If there were ever a prize for “least examined ground of judicial review”, I would nominate the flexibility rule. The flexibility rule says that administrative policies must be flexible not rigid. The rule is nearly a century old. It’s part of the law of judicial review in England and Wales, Canada, Australia, New Zealand, and many other common law jurisdictions. It’s invoked in case after case. And yet the rule has received hardly any serious scrutiny. Judges rarely question it. Academics rarely write about it.
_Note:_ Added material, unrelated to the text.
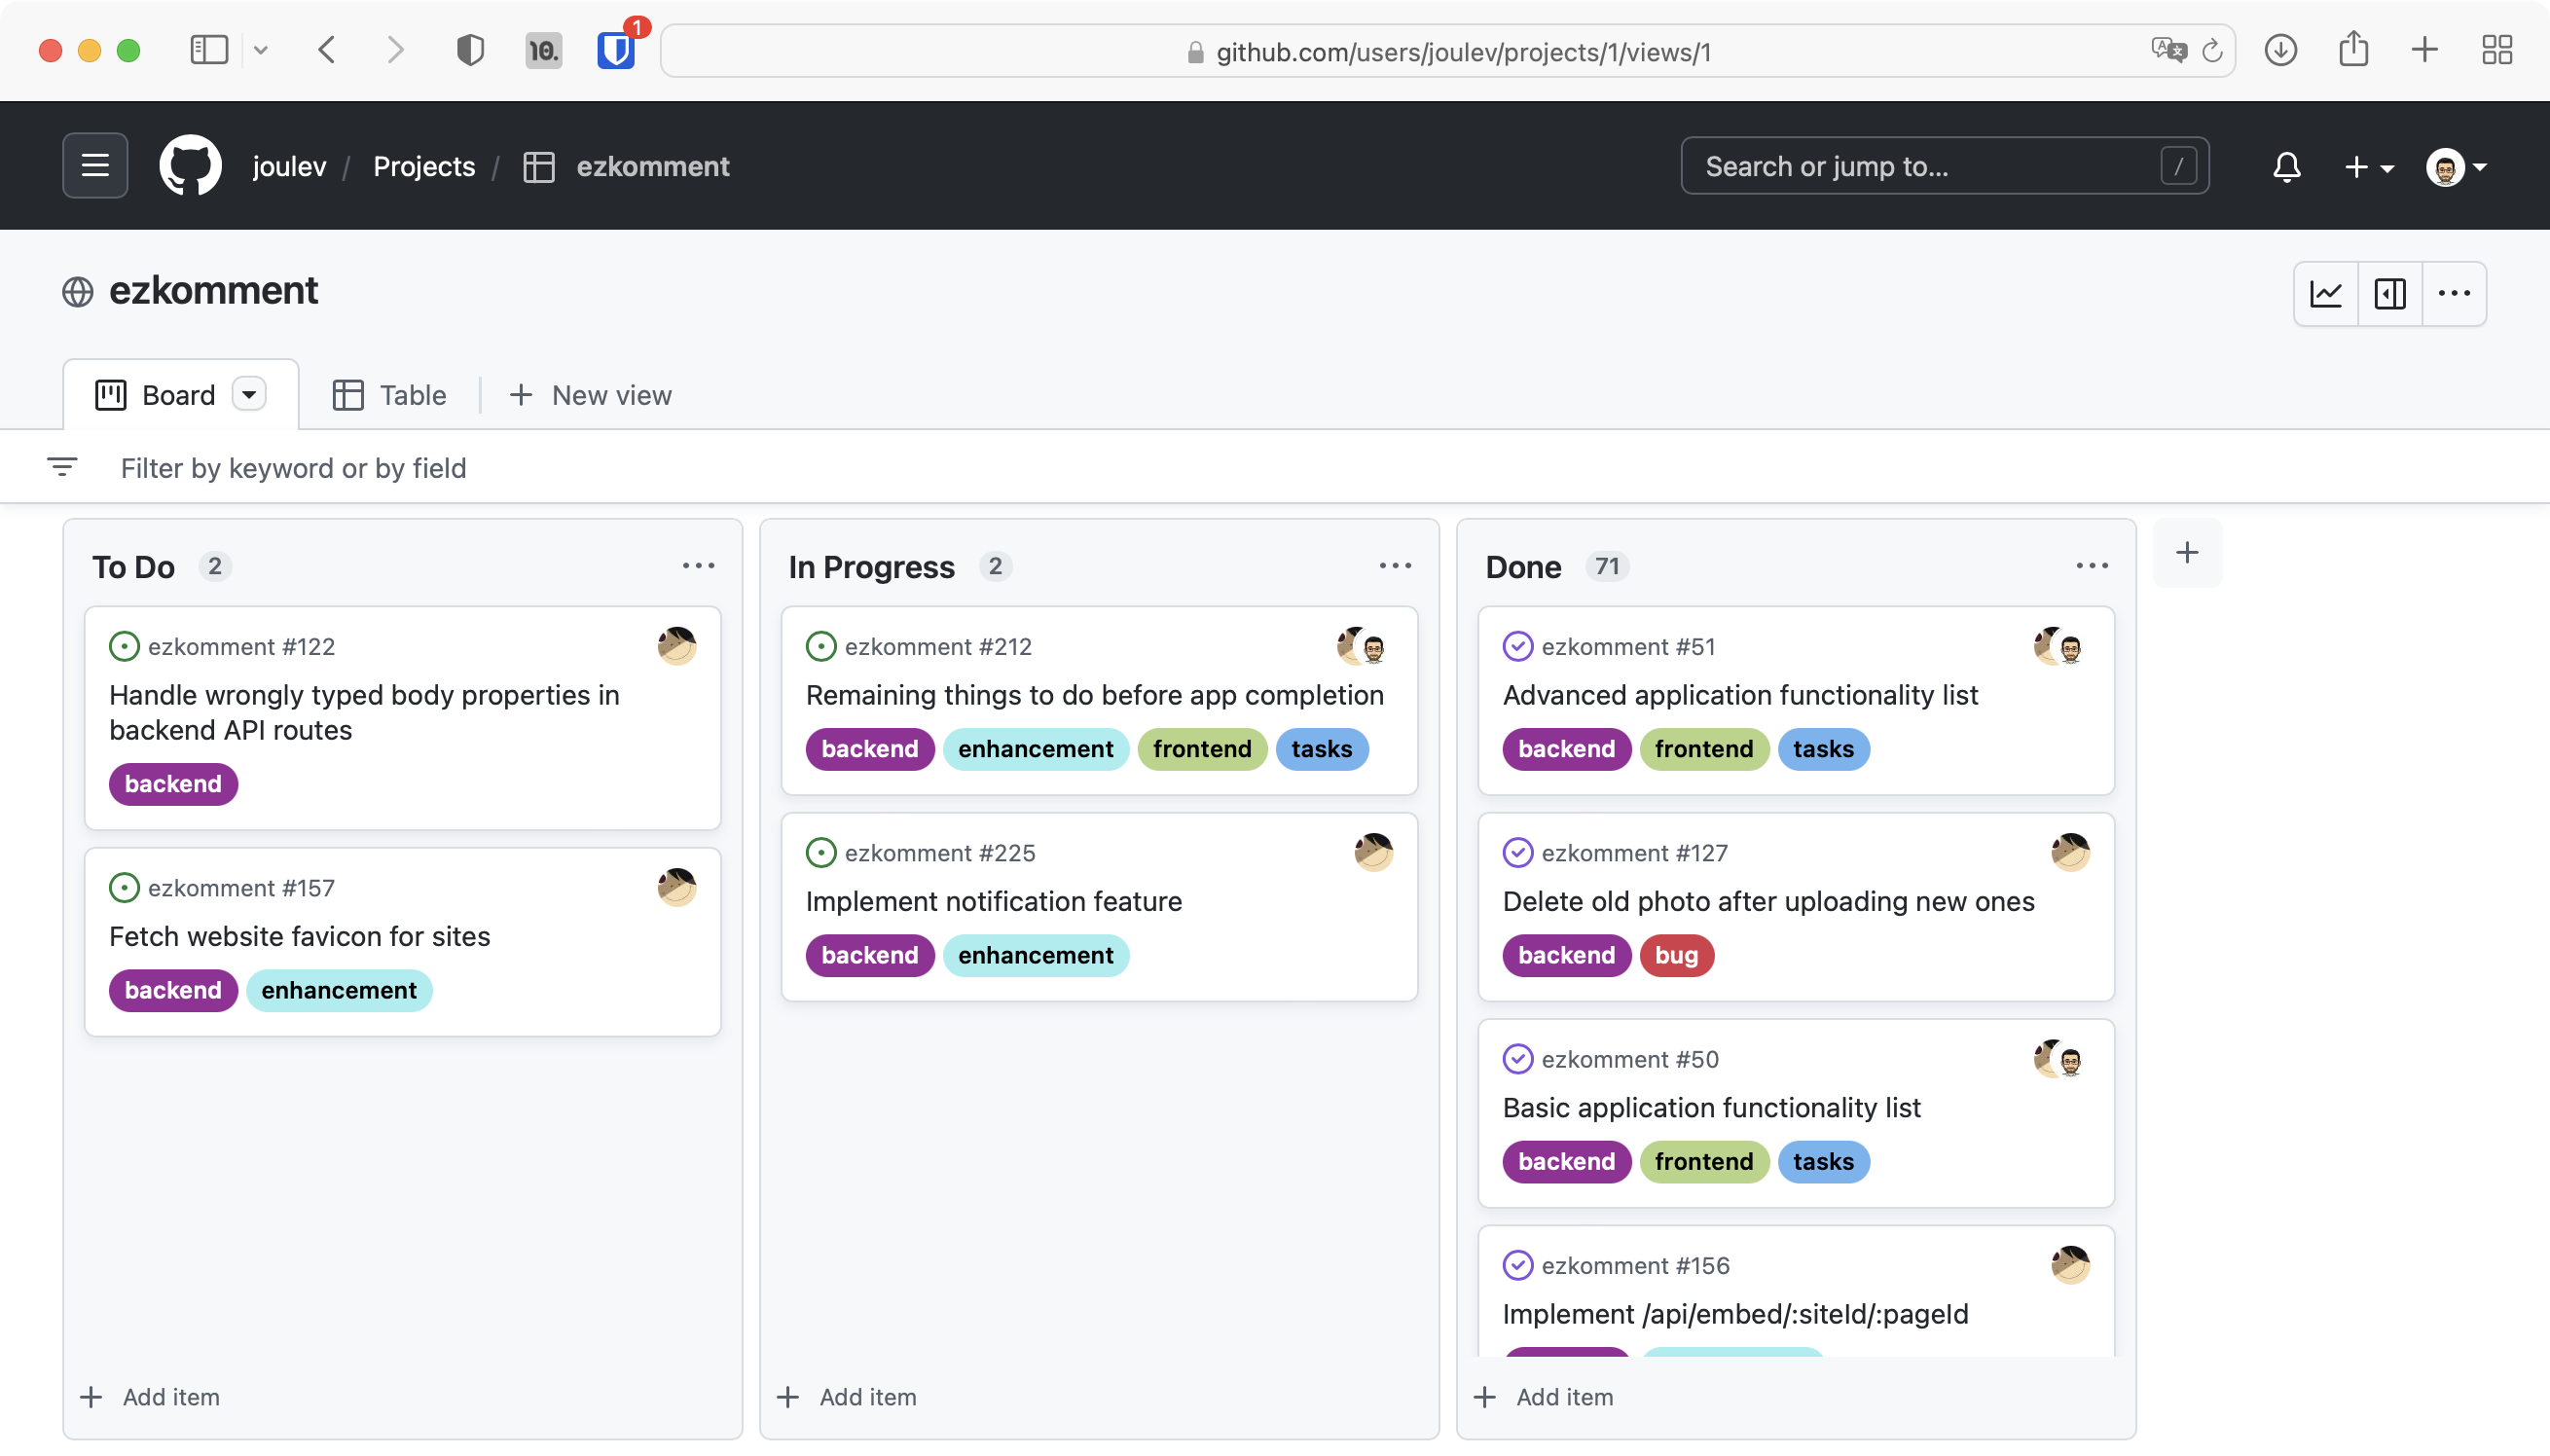 GitHub project board as of 5 August 2022

This neglect extends to the rule’s justification. Take the case of British Oxygen Co v Minister of Technology. The Board of Trade had a discretionary power to make grants for equipment purchases. To manage all the applications it received, the Board made a policy not to make grants for purchases of less than £25. British Oxygen had purchased a lot of oxygen cylinders for £20. The company didn’t quite fit under the policy, but it applied for a grant anyway. The Board refused, and the company went to court, arguing that the Board hadn’t taken into account the particulars of its case. The House of Lords ultimately sided with the Board. But it did so because it believed that the Board had ‘carefully considered’ the company’s application. Had the Board’s policy been rigid, British Oxygen would have won.

British Oxygen is a famous case. It’s probably the leading case on the flexibility rule. Yet the House of Lords never explains the rationale for the rule. So I wonder: what’s so great about flexibility? What’s so terrible about rigidity? What, if anything, is to be said for the flexibility rule?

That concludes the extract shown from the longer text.